The playground of my elementary school butted up against the
backside of a neighborhood. Half of the playground looked into the backyards of
the houses and the other half looked down a quiet street lined with shrubs and
parked cars. While my mental and social state ebbed and flowed throughout the
six years of elementary school, there were times when I would spend my recess
period sitting in front of the playground fence, looking off into the
neighborhood.
I pretended I was free to roam out and away from the
structure and order behind me in the school building. I didn’t have to
calculate minutes left in the science lesson before moving on the math lesson nor
did I have to listen to school children slowly work their way through their own
thoughts. I pretended each of the front yards were mine and that I spent my
time there every morning and didn’t have to go to school.
Sometimes this was a sad ritual, a longing for freedom. In
reality, I just didn’t like school and felt I had better, less redundant ways to use my time.
Sometimes a woman would come out and sweep her back porch and I would sit and watch her dust pollen off of her deck chairs and
straighten up knick-knacks before going back inside. I pretended she was Mom
and that I was home with her, helping her tidy up and laughing and not being
anxious or lonely.
To answer your next question, yes, my behavior concerned the
teachers. While all the other kids played kickball and swung from the Monkey Bars and shrieked for no apparent reason, I sat alone, thirty yards away from
the other kids, and I stared off into the world. To me it was painfully obvious
that I was a deep thinker. To adults I was a red flag; antisocial, imaginative,
and abundantly hairy.
They would occasionally walk over and ask me why I didn’t
want to partake in the various forms of societal fun. I only really told them I
didn’t want to and that I liked sitting in the sun and watching the cats walk by and sometimes I would let them walk me back to the
other kids to help diminish their cause for worry, writing me off only as shy
and not a Future Shooter of America.
When I was really little, dreaming of freedom in the
neighborhood nearly made my cry and I would hide my despair from the kids who only wandered
towards me when a rogue sports ball careened off in my direction. By my fifth
grade graduation I had a group of friends I loved and I spent my recess period
sitting with them, discussing important things like fuzzy gel pens and anything
you could purchase from Bath and Body Works. I would sit on top of the picnic
tables with them and glance at the houses while they were talking. It was a
sight I knew as well as my own neighborhood but I’d never been on the other
side of the fence. I’d watch fondly as the woman brought out plants when the
weather warmed up and set them around her back porch.
“Laura!” my friends would
interrupt, “What’s yours called?” and I’d look back at them, staring up at me
with their streaks of blue hair and hot pink hair bands.
“Arabian Red.” I’d
reply, wiggling my freshly painted fingernails and accepting their acceptance of
me with pride.
Last week at work I was waiting on an elevator on the top
floor of the hotel. While I waited, I looked out the window at the edge of Downtown and across the water into Mt. Pleasant. I was watching all the little
cars make their way over the bridge and I was instantly seven years old again,
staring out at the world from behind my societal shackles. In the moment, I made
myself sad that I wasn’t someone out free for the day, running errands in Mt.
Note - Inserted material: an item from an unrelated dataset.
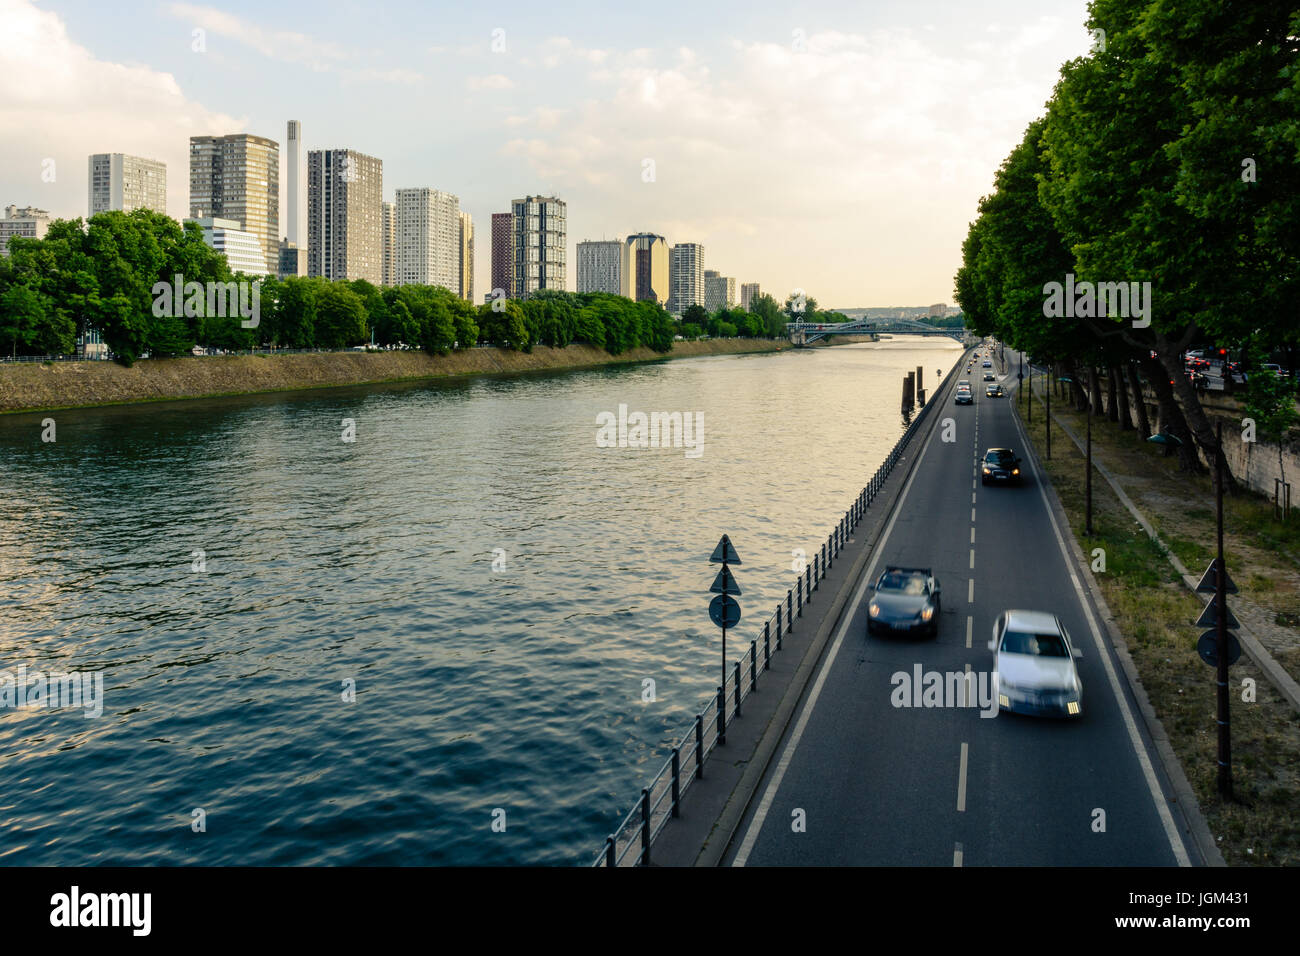 Le Front de Seine cityline dans le 15ème arrondissement de Paris avec la voie express Georges Pompidou et de la Seine au premier plan. Banque D'Images

Pleasant or going Downtown to
look at the gardens and walk along the water.
And then I laughed at me, the pathetic kind of laugh you
push out through your nose when some jerk does something so jerky you can’t
believe it but you’re also not surprised either, like Donald Trump’s entire
existence. I laughed at the inescapable longing for freedom I seem to have and
I laughed that I won’t give up hating where I am and hoping for something more.
It’s exhausting.
And then I thought of The Shawshank Redemption. Now stay
with me here. Ole Andy Dufresne and his holding on to hope. Red says hope is a
dangerous thing. “Hope can drive a man insane.” he says, and I'd say few things in my
life have hurt as much as having hope.
But Andy says no. Andy says hope just might be the best
thing and “no good thing ever dies.” Andy tells Red about music, memories, and
hope that no one can take away from him and I'd say few things in my life would have happened without having had hope. At the end of the movie, Andy Dufresne shimmies out of Shawshank Prison with his
dirty clothes and nubby hammer and his damn, relentless hopin’.
“I find I'm so excited, I can barely sit still or hold a
thought in my head. I think it's the excitement only a free man can feel, a
free man at the start of a long journey whose conclusion is uncertain. I hope I
can make it across the border. I hope to see my friend and shake his hand. I
hope the Pacific is as blue as it has been in my dreams. I hope.” -Red
Since I was little I've hoped for the time in the future
where I don’t spend my days doing things other people told me to do and boy I get so excited thinking about what that will be like. I bet it feels like dipping
into a warm bath or that involuntary euphoria you get on the first warm day after
winter. I bet it feels like that every day.
It’s a shame I’ll be sixty-five by
then. Really seems like a waste of youth.
As a side note, I've spent approximately ten minutes wondering if this post will crack me up twenty years from now. How naive and dramatic I must seem.